I wasn't thinking of a problem of using a non-default port, but we should probably make that work too. The nginx plugin should currently respect the value of --http-01-port when setting up the challenge so we should probably direct our request there as well.

I also wasn't thinking of listening on a socket, although that is also supported by nginx: https://nginx.org/en/docs/http/ngx_http_core_module.html#listen

@alexzorin
Copy link
Collaborator

alexzorin commented Feb 10, 2020

Just a shower thought: you don't need to verify that the challenge path is accessible (and FWIW I think this is a lot harder than it seems due to all the weird and wonderful things you can do in vhosts), you only need to verify that nginx reloaded.

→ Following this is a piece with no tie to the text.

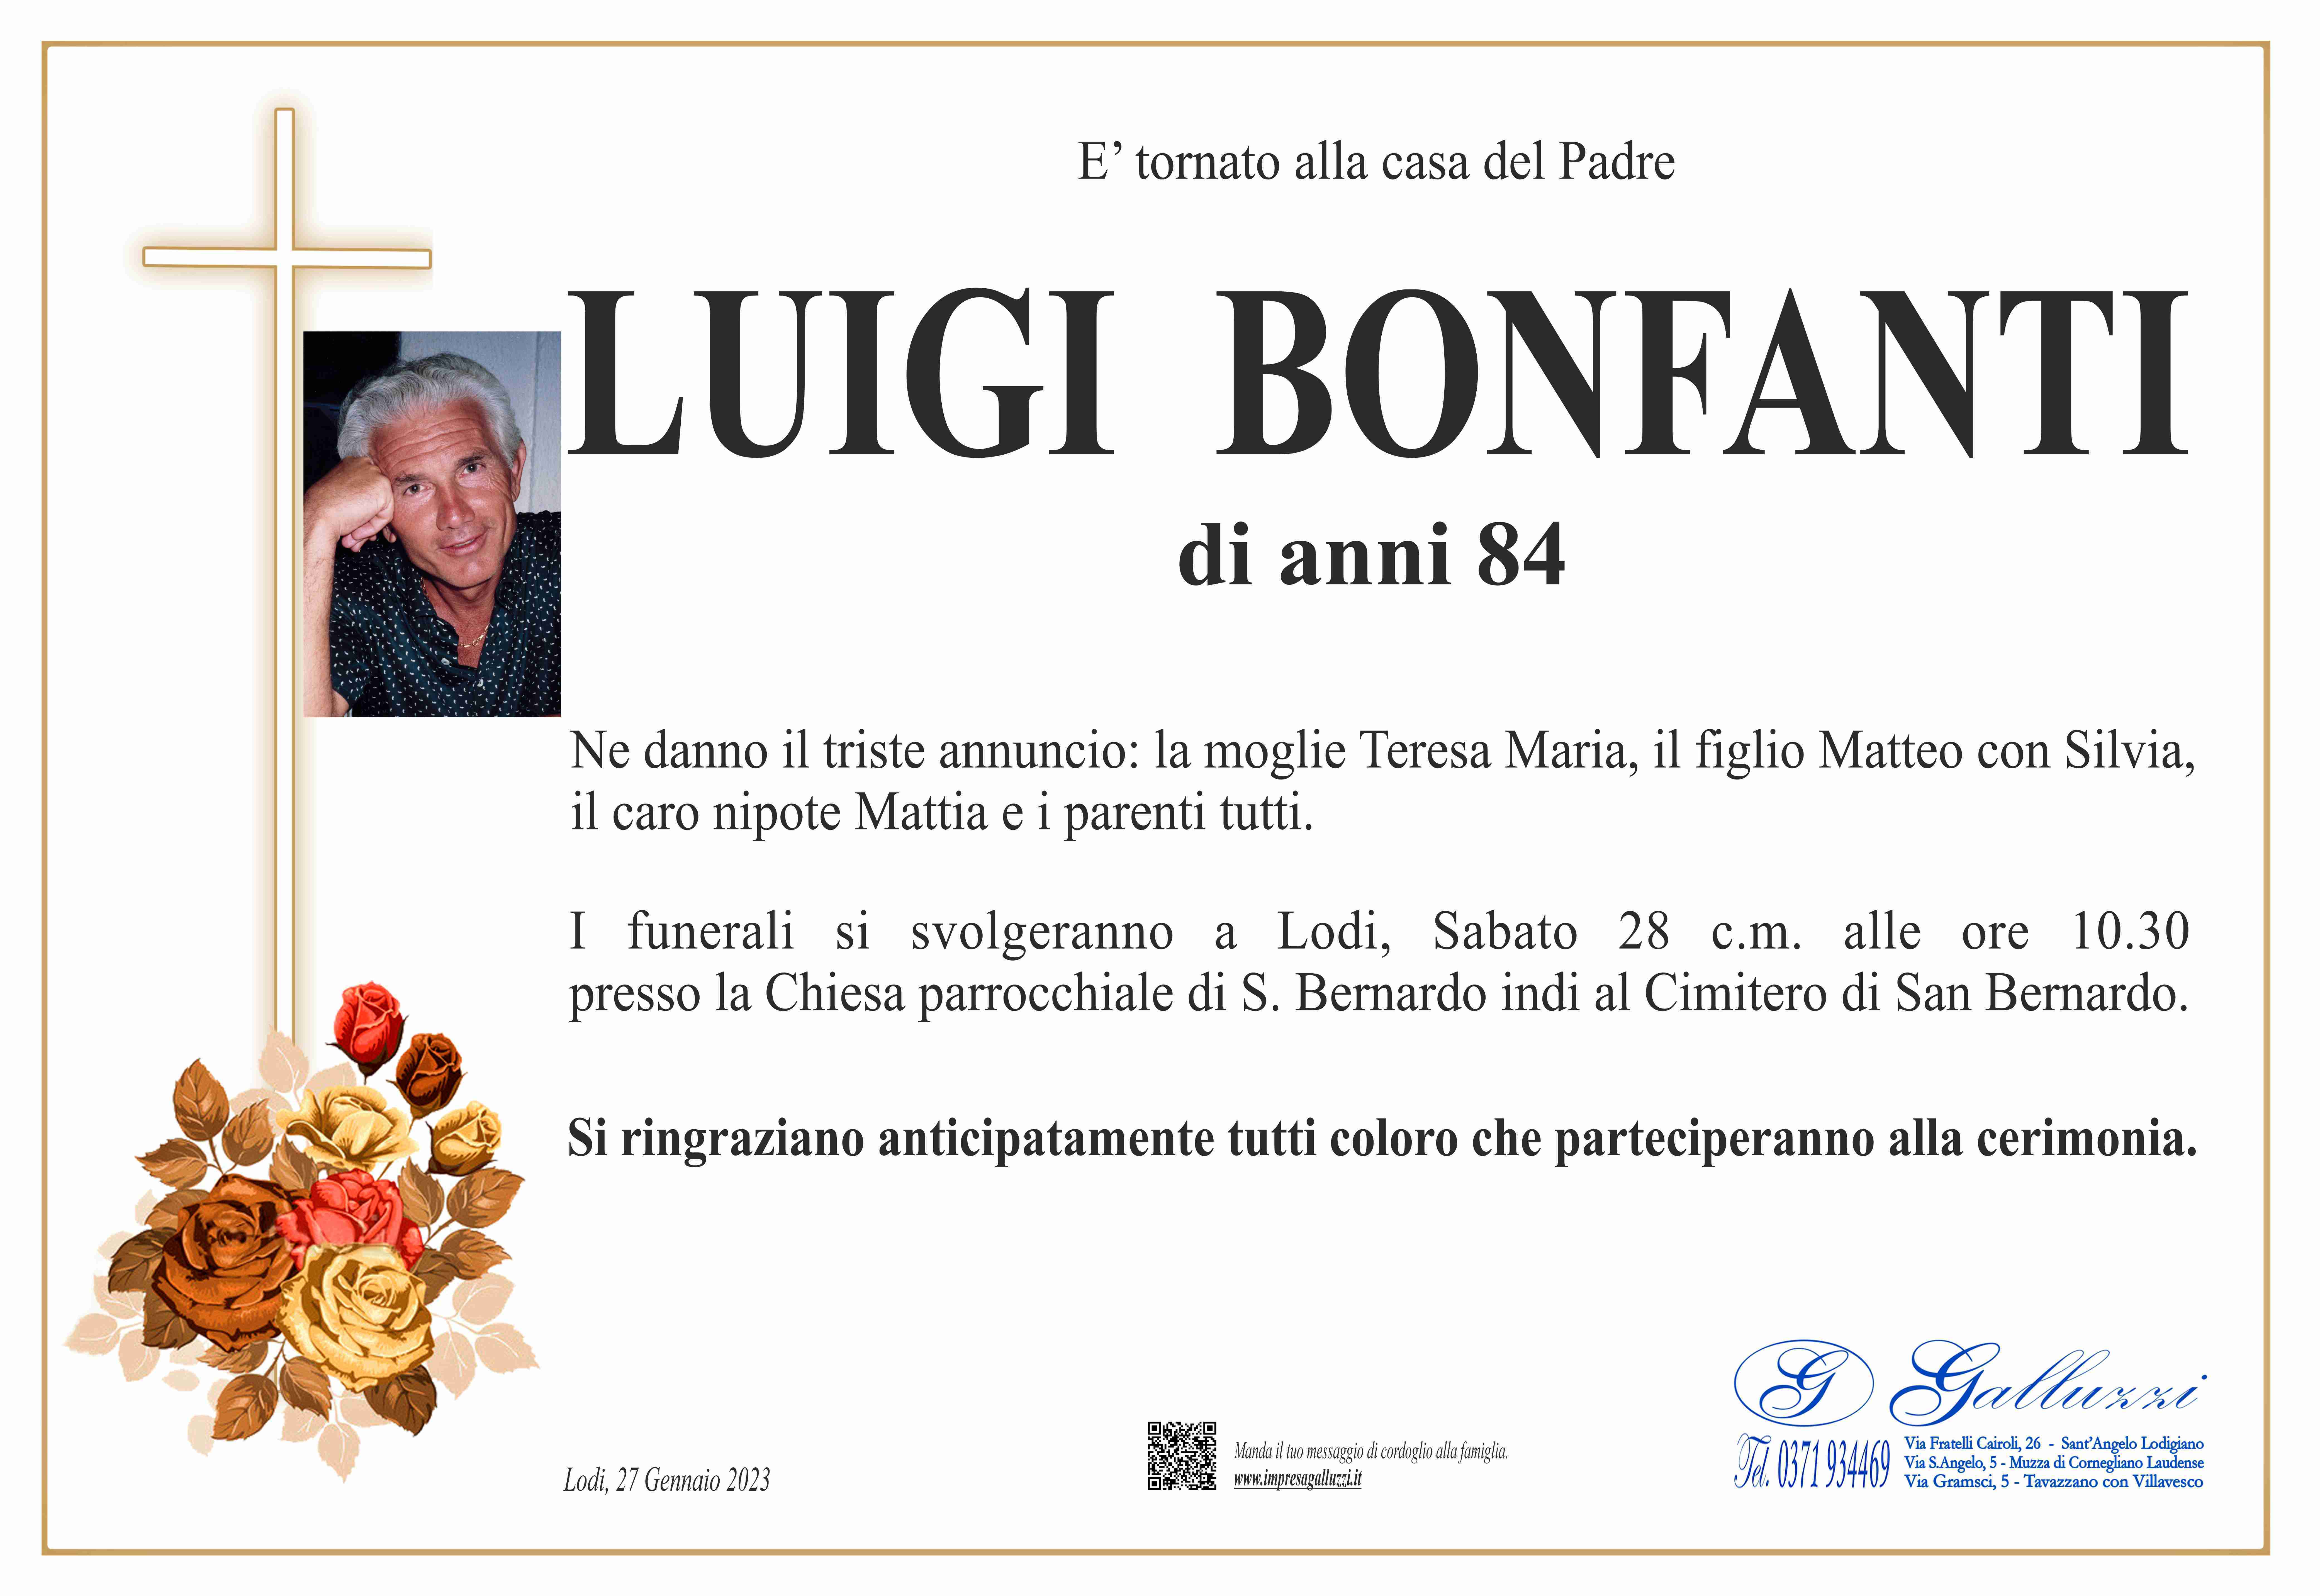 Luigi Bonfanti

To that end, one could just get the configurator to add a sentinel vhost as part of the challenge solver, such as:

server {
    listen unix:/var/lib/letsencrypt/nginx-sentinel.sock;
    location / { return 200 "<random sentinel value>"; }
}

This might dodge some of the issues that @bmw is worried about.

@mustanggb
Copy link
Author

mustanggb commented Feb 11, 2020

one could just get the configurator to add a sentinel vhost as part of the challenge solver

Bingo! This seems like the best of both worlds, I like this idea better as well as it's a closer check of an actual reload, like you say, a vhost could be giving a 200 response even before a reload has completed.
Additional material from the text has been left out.